Eric Swanson, IRAP ITA, is now co-located in the Edmonton Lab (January, 2006).


Dr. John Pinkney (TRLabs Calgary) has completed his two-year Alberta Ingenuity Industrial Post-Doctoral Associateship with TRLabs. The technology developed by Dr. Pinkney for low power, symmetrical wireless networks has been successfully licensed by TRLabs to a new company for commercialization.


In October, Jeff Rohne, Director Manitoba Operations and Business Development attended a MRNet Strategic Planning meeting at the University of Winnipeg where he accepted the position of vice-chair of the Strategic Planning committee. In January, Jeff participated in the second meeting of the Manitoba Chambers of Commerce policy subcommittee on Health. Telehealth and Primary Care were the two key policy resolutions that the subcommittee agreed upon. Jeff agreed to chair the Telehealth team.


In December, Dr. Chris Haugen, Director Edmonton Operations delivered a presentation on the TRLabs eHealth research program to the Alberta Network for Health Information Exchange (ANHIX) in Calgary.


TRLabs Saskatoon has been awarded a "2005 Supporting Friend of IEEE Regional Activities Award" for "generous support of IEEE, North Saskatchewan Section Activities."


A paper by L. Zhou and W.D. Grover, "A Theory for Setting the 'Safety Margin' on Availability Guarantees in an SLA," in the 5th International Workshop on Design of Reliable Communication Networks (DRCN 2005), Ischia (Naples), Italy, October 16-19, 2005 won the "Most Innovative Paper" of the conference award.


Graduate student Gregory McFeetors (TRLabs Calgary) won the 2006 WAGS/UMI (Western Association of Graduate Schools/University Microfilms International) Innovation in Technology Award. The Award recognizes innovative application of technology to scholarship.


IP Matters

One patent has been filed in the period October, 2005 to January, 2006:

  • David E. Dodds, Bernardo Celaya & Terence Monteith
    Wideband Frequency Domain Reflectrometry to Determine the Nature and Location of Subscriber Line Faults
    Canada Patent No. CA2005/000634
    Filed November, 2005
Since 1986, 77 patents have been issued to TRLabs, with a further 80 active filings. Five patents were filed by, and 9 patents issued to, TRLabs in fiscal year 2004/2005.

Patent Portfolio.


Conference Chatter

TRLabs Manitoba ICT Symposium - "Technology in the Home"
November 8

96 were in attendance to listen to 8 presentations on a range of home technologies subjects.

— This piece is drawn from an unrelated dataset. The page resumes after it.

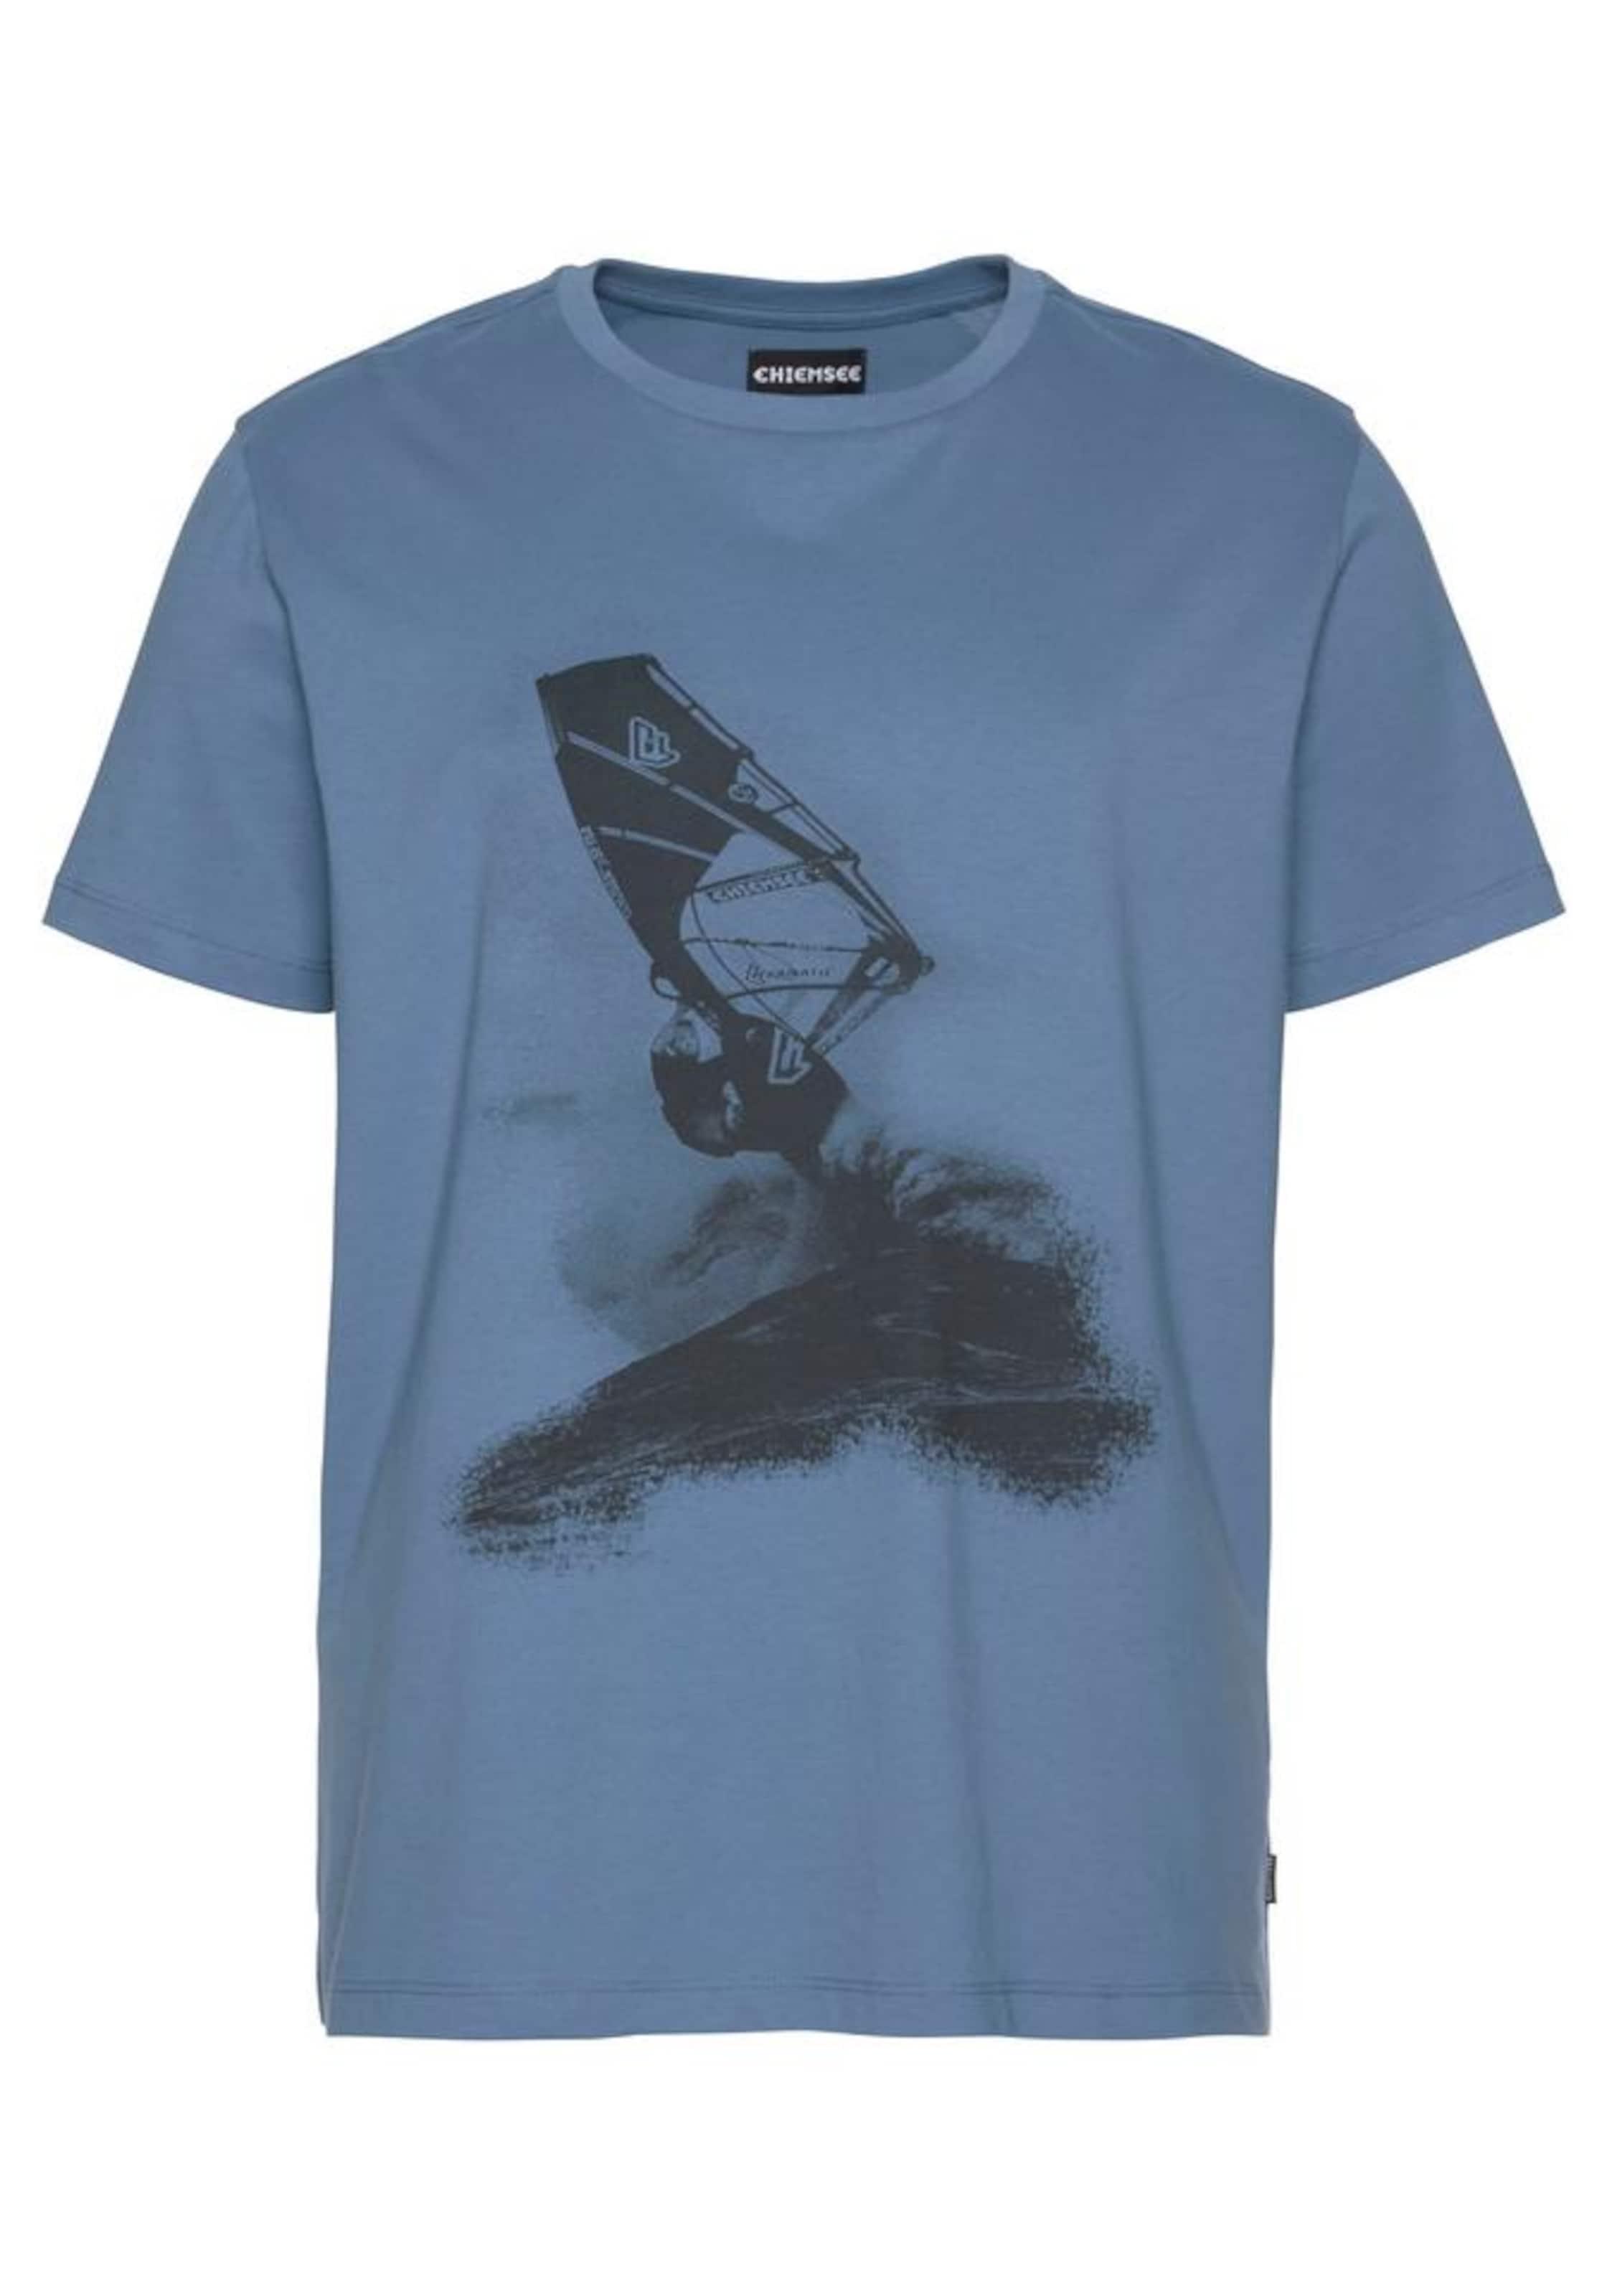 In TaubenblauSchwarz T In shirt Chiemsee TaubenblauSchwarz T shirt shirt Chiemsee In Chiemsee T W2ID9HEY

Minister Chomiak gives opening remarks at the ICTS

Murray Matiowsky speaks on Advanced Metering for Utilities

Dave Teghtsoonian gives a talk on MTS TV - the largest telco deployment in North America


In the News...

January 24 News Release - Alliance Between iPark and TRLabs will Benefit Korean and Canadian Companies

January 20 News Release - TRLabs Seeking Subscribed Research Project Proposals from Industry

January 17 News Release - TRLabs to Co-Develop Technology for China Railway


MOU Signing Cermony, Beijing, January 17

January 16 News Release - TRLabs and Optimum Develop High Performance, Fully-Programmable Communications Hardware Platform

November 10 News Release - U.S. Company Re-Locates R&D to Alberta and Joins TRLabs

Media Coverage Highlight - January 13 TRLabs article in the Edmonton Journal
(reproduced on U of A web site)


Envionmental Scanning

A good update on the status of Canada's ICT industry can be found in an October Report on Industry Canada's Strategis web site. Highlights:

  • Since 1997, ICT has grown by 8.4%, more than twice as fast as the broader Canadian economy (3.6%). This growth has been led by the telecommunications services sector followed by the ICT manufacturing sector.
  • Most of the employment gains have been in the software and computer services industries, where the number of workers is 64% larger than in 1997. The employment shift demonstrates the structural shift in the industry from manufacturing to services.
  • ICT industries are still the largest performers of private R&D in Canada, accounting for 38% of total Canadian private sector R&D.
  • The ICT workforce is characterized by a high level of education, with 38% of all ICT workers having a university degree compared to a national average of 21%.

Grad Resumes

Recent grad Shirley Mayadewi (TRLabs Winnipeg)
puts her name on the TRLabs Wall of Honour, January, 2006

17 resumes of recent or soon-to-be graduates are posted on the TRLabs web site (Members Only).

TRLabs has trained 810 highly skilled university graduates since 1986. 50% have remained in western Canada to fuel growth of the ICT sector.













Research Relevance..."The Backhoe: A Real Cyberthreat"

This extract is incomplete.